Of course, you can also try meshing them together if you have the budget and engineering will!

# Getting Started with Open-source Models

## Discussion
- Why would you want to use open-source LLMs?
- Will they ever really be competitive? 
    - What drives the competition if OpenAI's models are 10x bigger and performance keeps scaling with model size?

## Load Model

In this section we will see how to load a pre-trained model from the HuggingFace Hub. 
You can shop for models [here](https://huggingface.co/models).

After, you'll see how to use these models for text classification and text generation, similar to the core mechanism of how the commerical APIs you saw above are generating text.

In [None]:
# T5 paper: https://arxiv.org/pdf/2210.11416.pdf
model_name = "t5-small"
model = AutoModel.from_pretrained(model_name, device_map="auto")

In [None]:
print(model)

Want to learn more about transformers like the BERT and GPT family and how they work? 
- Sebastian Raschka recently gave his description of the history of the transformer in this concise [post](https://www.linkedin.com/posts/sebastianraschka_llms-largelanguagemodels-ai-activity-7121484400701186048--47t?utm_source=share&utm_medium=member_desktop).
- Check out the amazing [Bertviz](https://github.com/jessevig/bertviz) tool by [jessevig](https://github.com/jessevig/). you can see a pre-loaded demo [here](https://colab.research.google.com/drive/1hXIQ77A4TYS4y3UthWF-Ci7V7vVUoxmQ?usp=sharing#scrollTo=twSVFOM9SopW).

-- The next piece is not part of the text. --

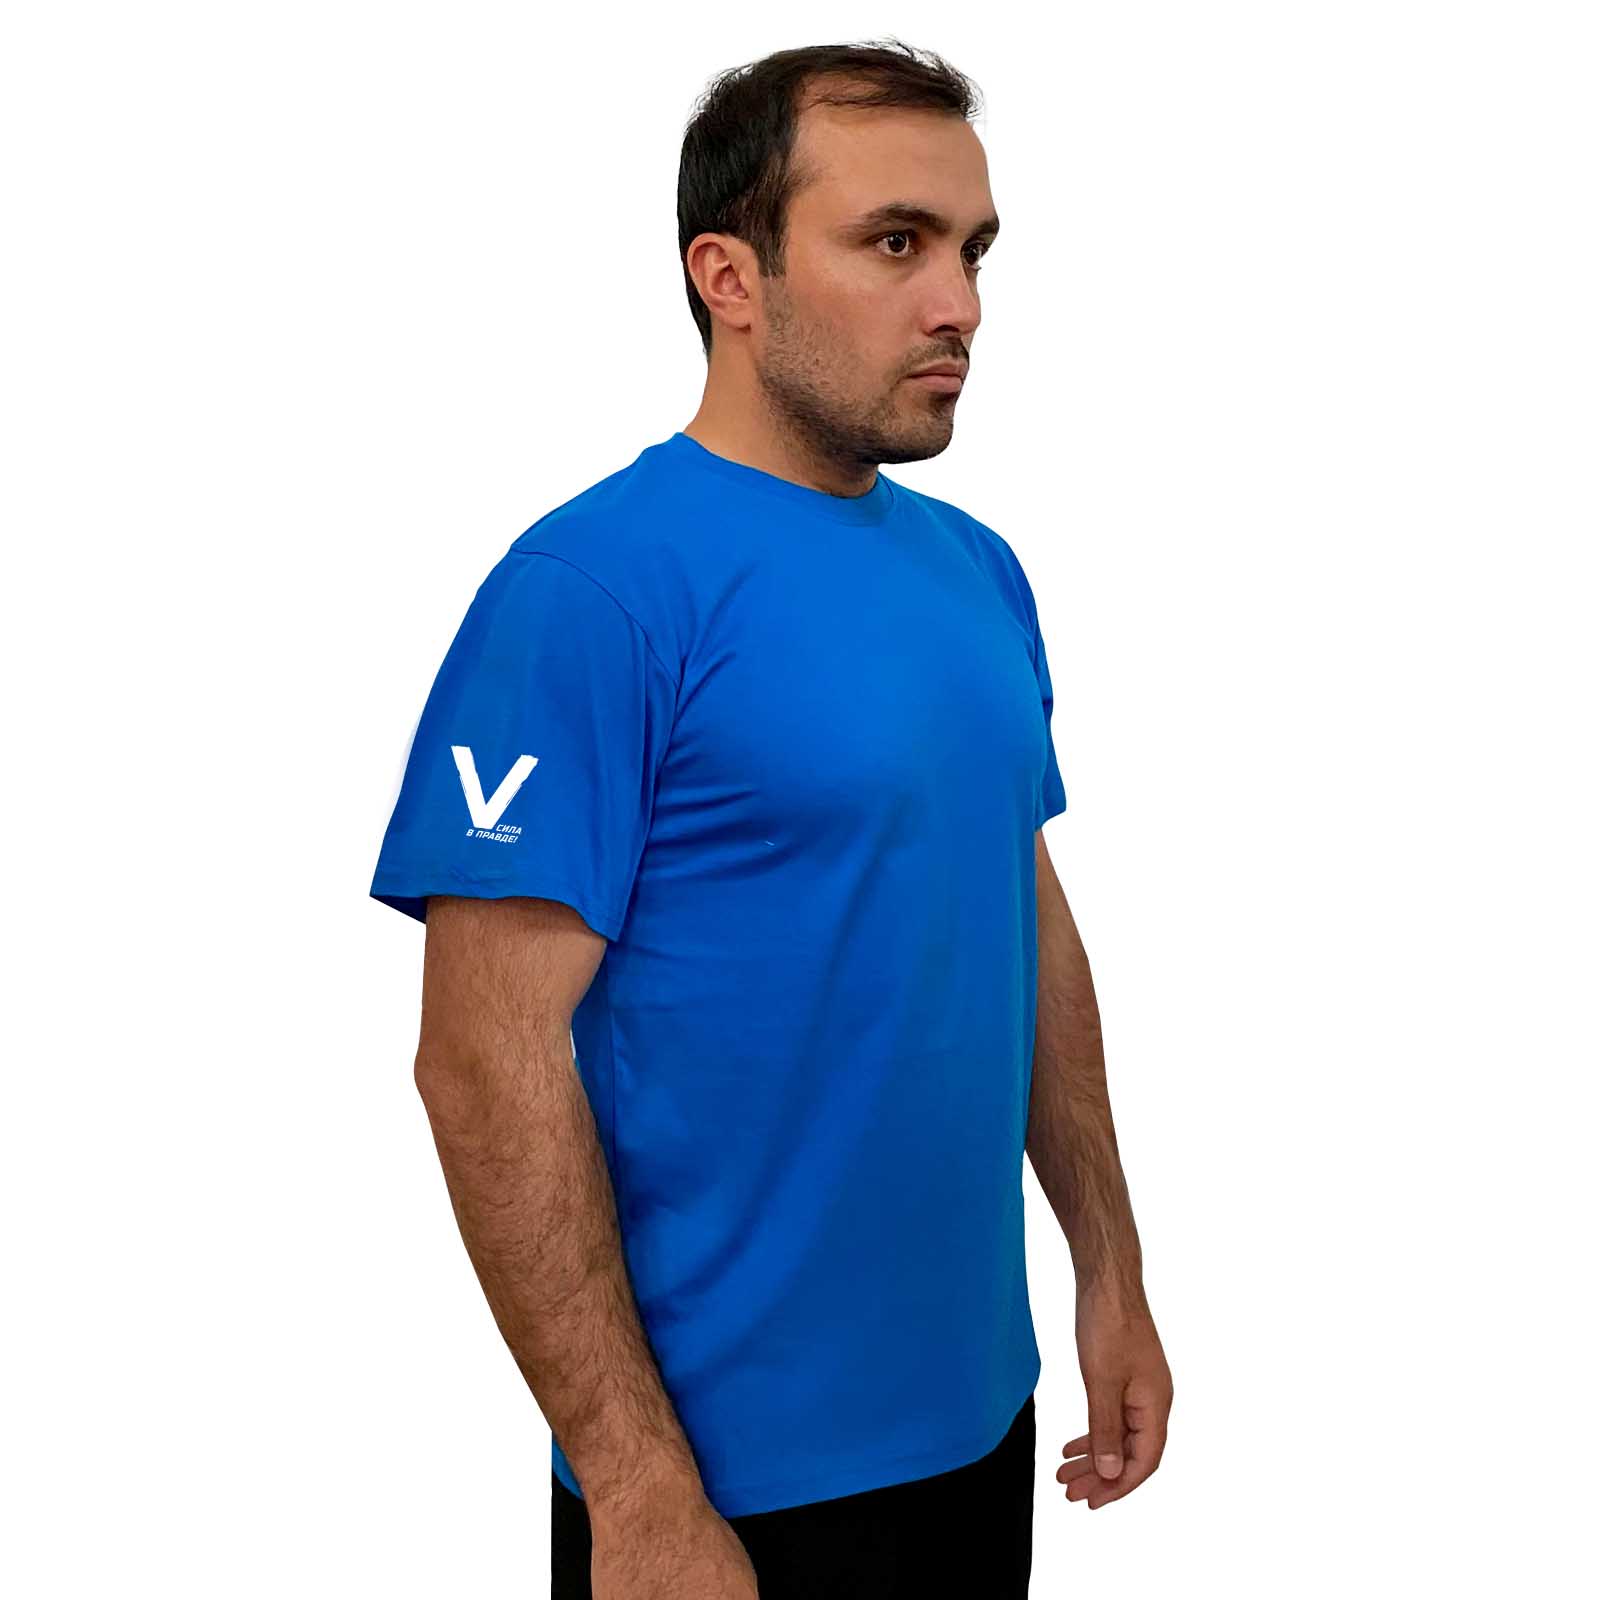 Купить хлопковую голубую футболку с литерой V с доставкой

## HuggingFace Pipeline API

In the previous section we saw how to load a model, in this section we see the easiest way to use HuggingFace models for inference like with the earlier examples using commercial APIs.

You will see how the [HuggingFace Pipeline API](https://huggingface.co/docs/transformers/v4.34.0/en/main_classes/pipelines) perform tasks including:
* [Text Classsification](#text-classification)
* [Text Generation](#text-generation)
* many more tasks [here](https://huggingface.co/tasks)

## Text Generation
https://huggingface.co/tasks/text-generation

In [None]:
model_name = "bigscience/bloom-560m" # https://huggingface.co/bigscience/bloom-560m
generator = pipeline("text-generation", model=model_name, device_map="auto")

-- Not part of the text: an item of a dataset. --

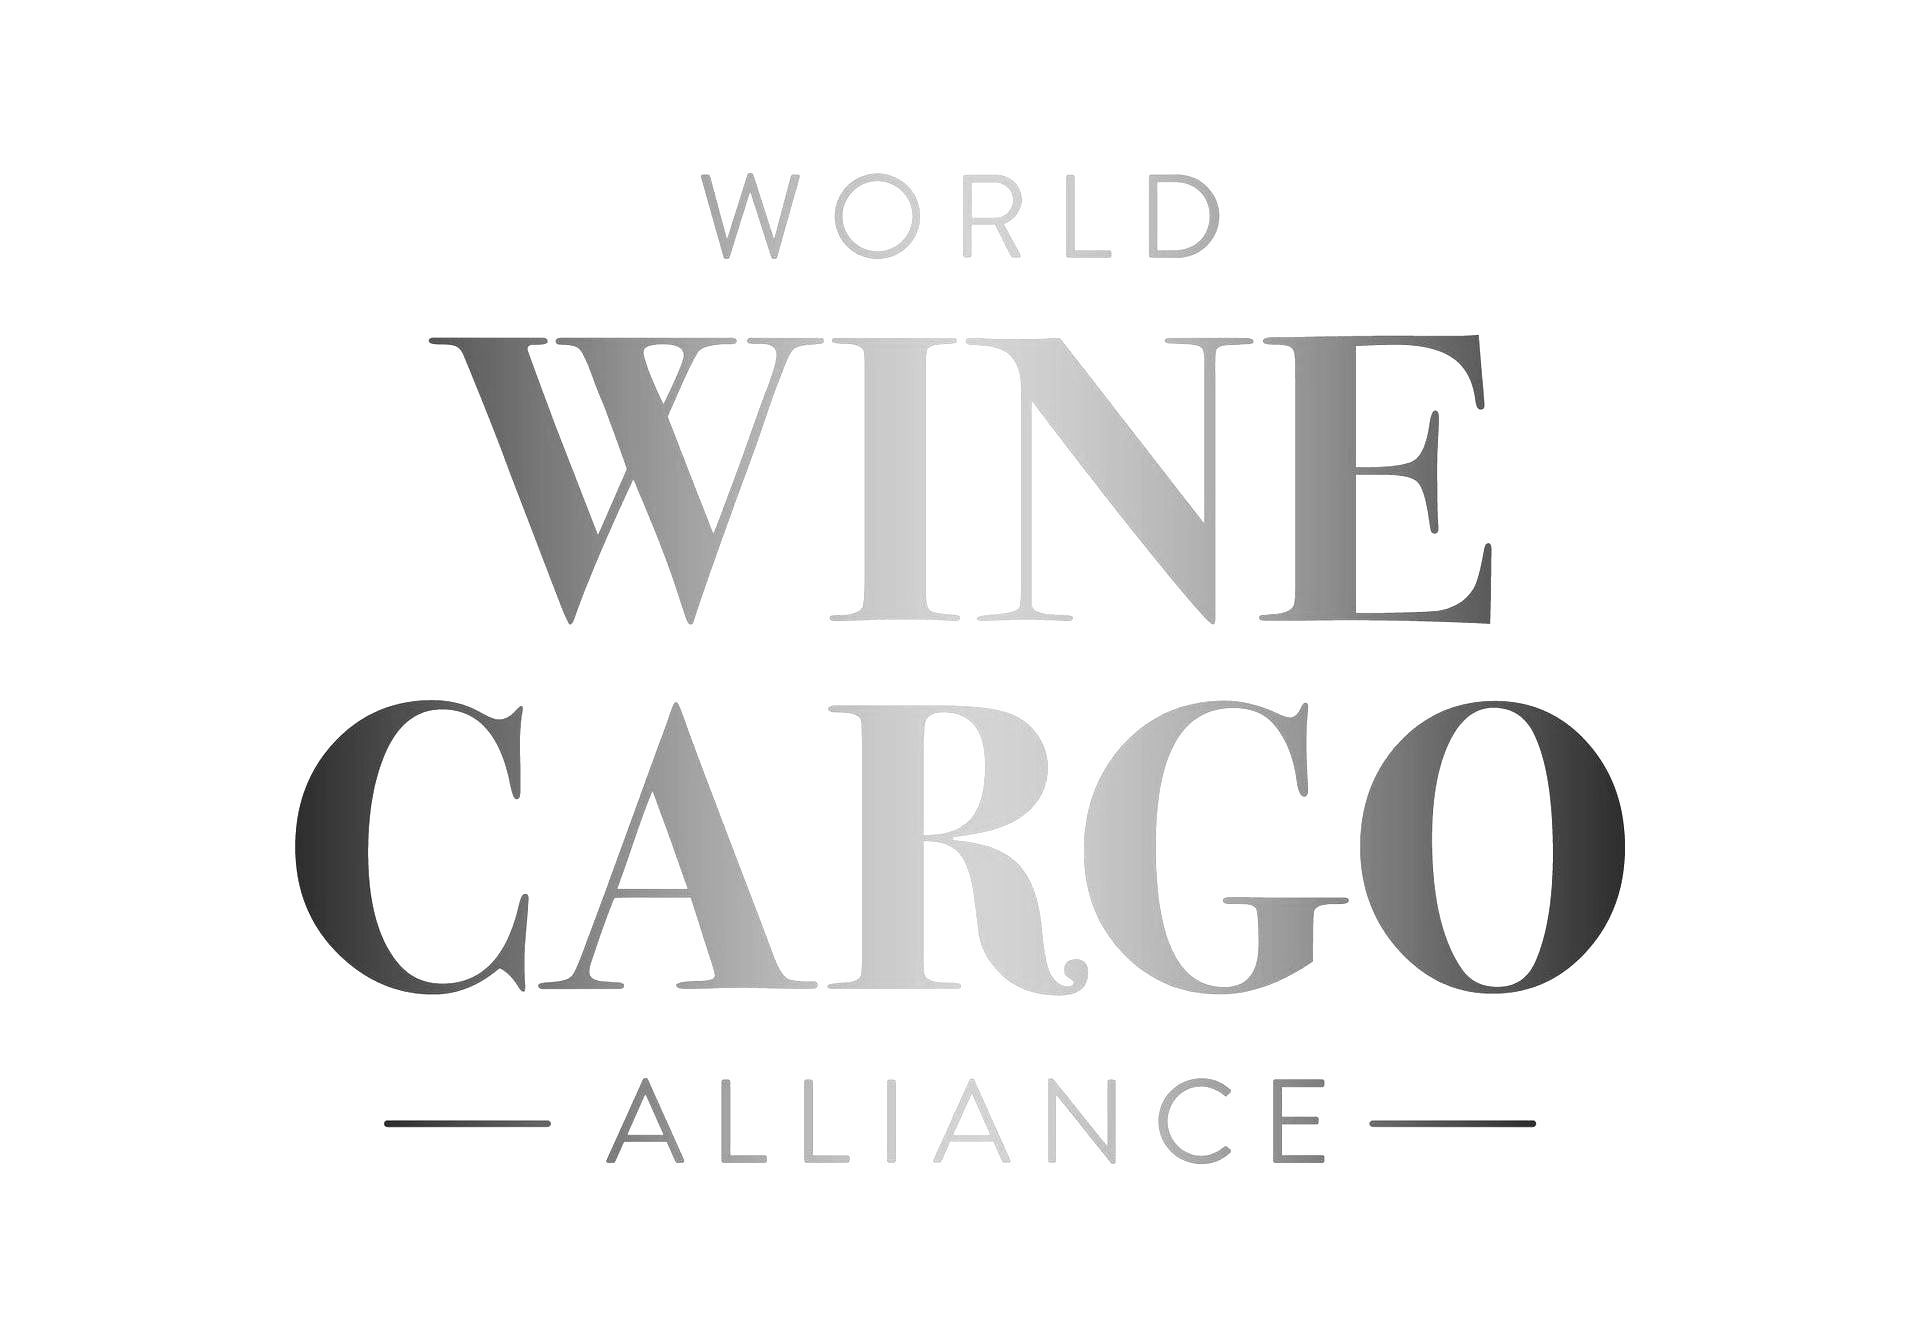 World Wine Cargo

prompt = "To learn MLOps in 2024, start by" 
response = generator(prompt, do_sample=False, max_new_tokens=25)

In [None]:
Markdown(f"""
**Prompt**: {prompt}

**{model_name}'s continuation**: {response[0]['generated_text']}...
""")

## Text Classification
https://huggingface.co/tasks/text-classification

In [None]:
# More text classification models: https://huggingface.co/models?pipeline_tag=text-classification&sort=trending
model_name = "SamLowe/roberta-base-go_emotions" 

# Create a text classification pipeline using HuggingFace transformers pipeline.
classifier_pipe = pipeline("text-classification", model=model_name)

# Sample data we want to classify the sentiment of.
sentences = [
    "I am feeling inspired today. What a time to be alive!",
    "This talk is informative, but a bit high-level, where I can find more details?",
    "I wonder about all the hype around Generative AI, is it smoke and mirrors?",
    "Building production-grade machine learning systems is challenging."
]

# Run the pipeline!
classifier_pipe(sentences)

# Summary

In this lesson, you've learned:
- how to programmatically query the leading commercial generative AI APIs
- which endpoints are supported by the leading generative AI APIs
- how to get started with replicating the core modeling loops of generative AI using open-source

In the next lessons we will discuss methods for increasing the relevance of LLM responses, starting with basic prompt engineering, retrieval-augmented generation (RAG), and changing the model itself through fine-tuning and serving it behind an API you can control.